Rio - Alguns brilhantes compositores brasileiros resolveram remar contra a própria história de luta contra a censura. Reunidos no grupo Procure Saber, artistas como Caetano Veloso e Djavan defendem artigos do Código Civil que, na prática, são capazes de impedir não apenas a publicação de biografias, mas até a divulgação de notícias em jornais, revistas, rádios e TVs.
Os artigos, que se chocam com a liberdade garantida pela Constituição, admitem a proibição da “divulgação de escritos, a transmissão da palavra, ou a publicação, a exposição ou a utilização da imagem de uma pessoa”. Isto, se a divulgação atingir “a honra, a boa fama ou a respeitabilidade” ou se destinar “a fins comerciais.” Se dependesse do que está escrito, não saberíamos das safadezas feitas nos governos:não dá para tratar de fatos sem citar seus autores.
O problema é que artistas resolveram pegar carona nas restrições. O caso mais notório é de Roberto Carlos, que conseguiu impedir a circulação de um ótimo livro, que, apesar da censura, servirá como fonte para qualquer pesquisador interessado em sua carreira. Levados ao pé da letra, os artigos vedariam praticamente todos os livros de não ficção, até mesmo o ‘Verdade Tropical’, de Caetano, onde ele cita cerca de 800 pessoas. Cada uma poderia pedir sua exclusão da obra. Não custa repetir:ninguém é livre para injuriar, caluniar ou difamar uma pessoa. O biografado que se sentir atingido tem sempre o direito de recorrer à Justiça, é assim em todo o mundo civilizado.

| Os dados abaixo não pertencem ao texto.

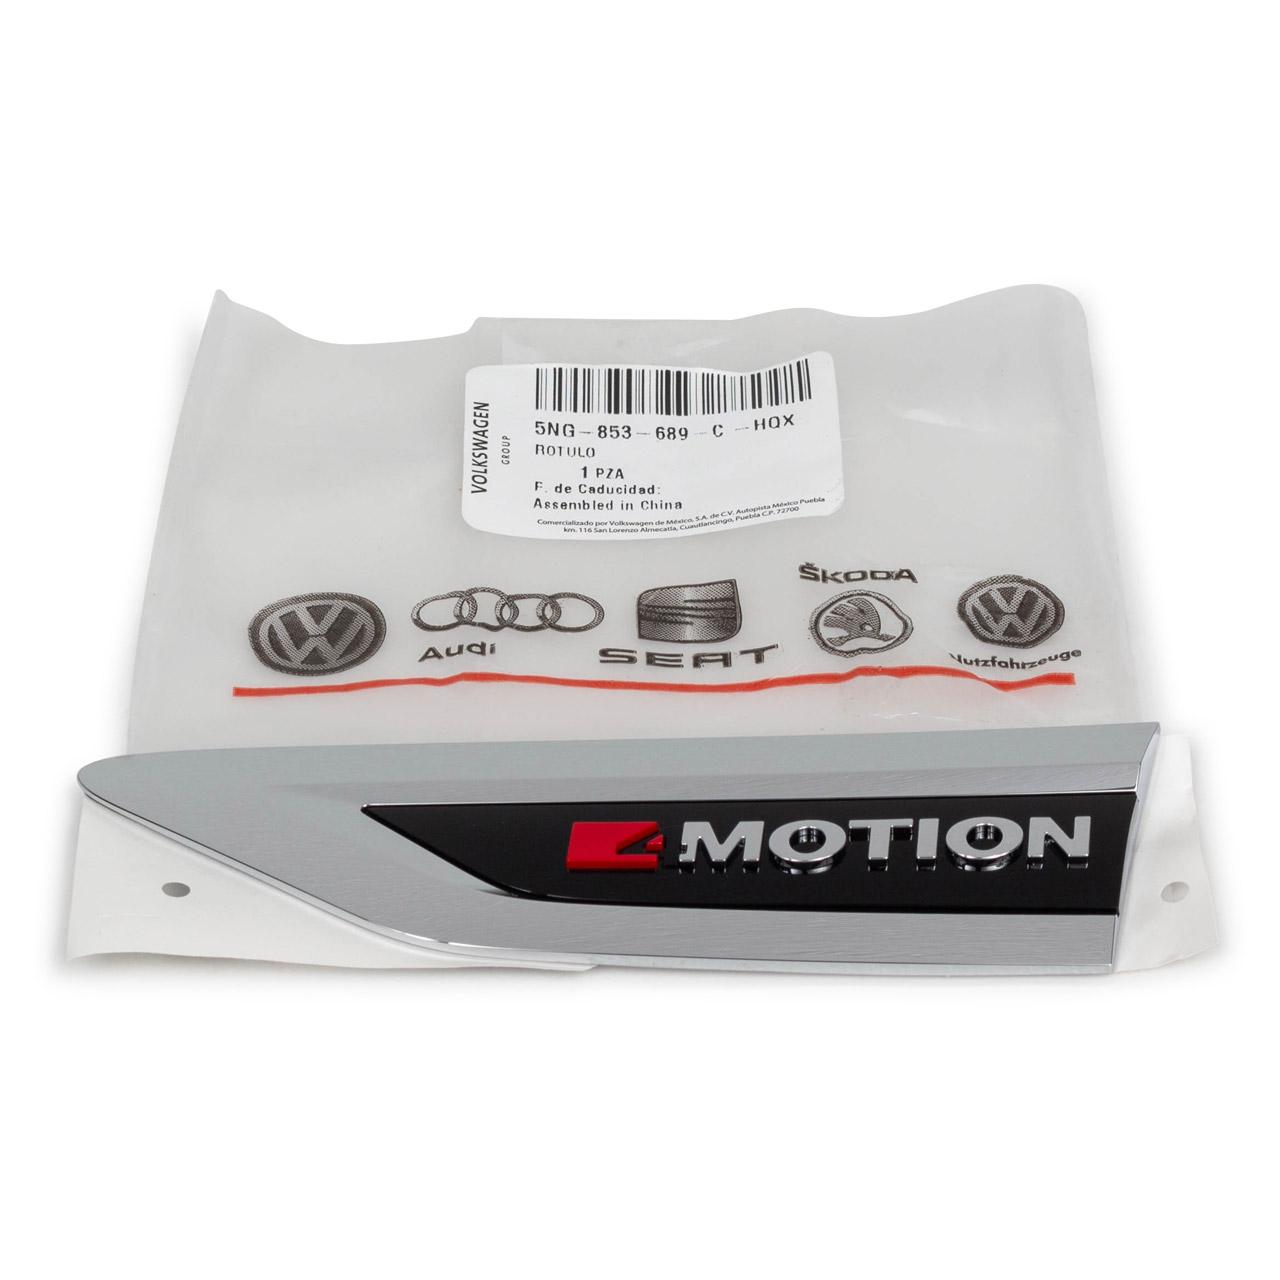 ORIGINAL VW Emblem Schriftzug 4Motion Tiguan Allspace links 5NG853689C HQX

Em artigo da empresária Paula Lavigne, o grupo diz não abrir mão de “remuneração correspondente” por eventuais biografias. Neste ponto, os artistas confundem obra, resultado de seu talento e trabalho, com vida. Vidas não são propriedades; são, digamos, obras coletivas, que todos construímos com nossos amigos, amores, filhos, pais e, mesmo, adversários.

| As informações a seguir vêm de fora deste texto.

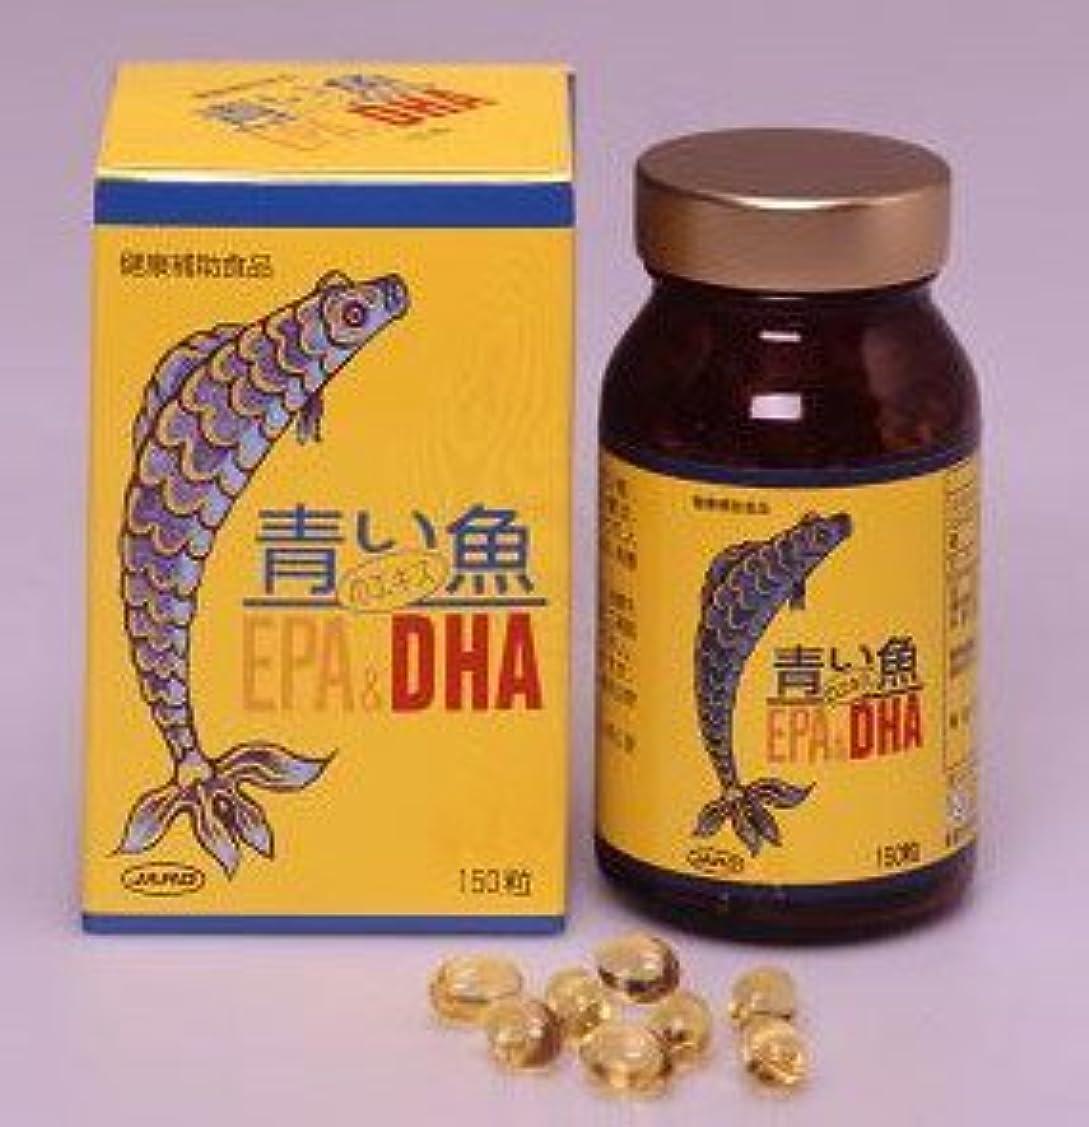 キャメルチョークダブル青い魚のエキスEPA&DHA(単品)ジャード

A vida de pessoas públicas se confunde com a sociedade em que elas estão inseridas, uma tem influência na outra, são inseparáveis. Caetano, Djavan e Gilberto Gil não seriam quem são se não houvesse o Brasil, inspiração maior de suas criações. É fundamental — até mesmo para eles — permitir que suas trajetórias sejam contadas de maneira livre e independente.
Registro: a professora citada no artigo anterior chama-se Denise Ferreira da Silva, titular do Queen’s College London.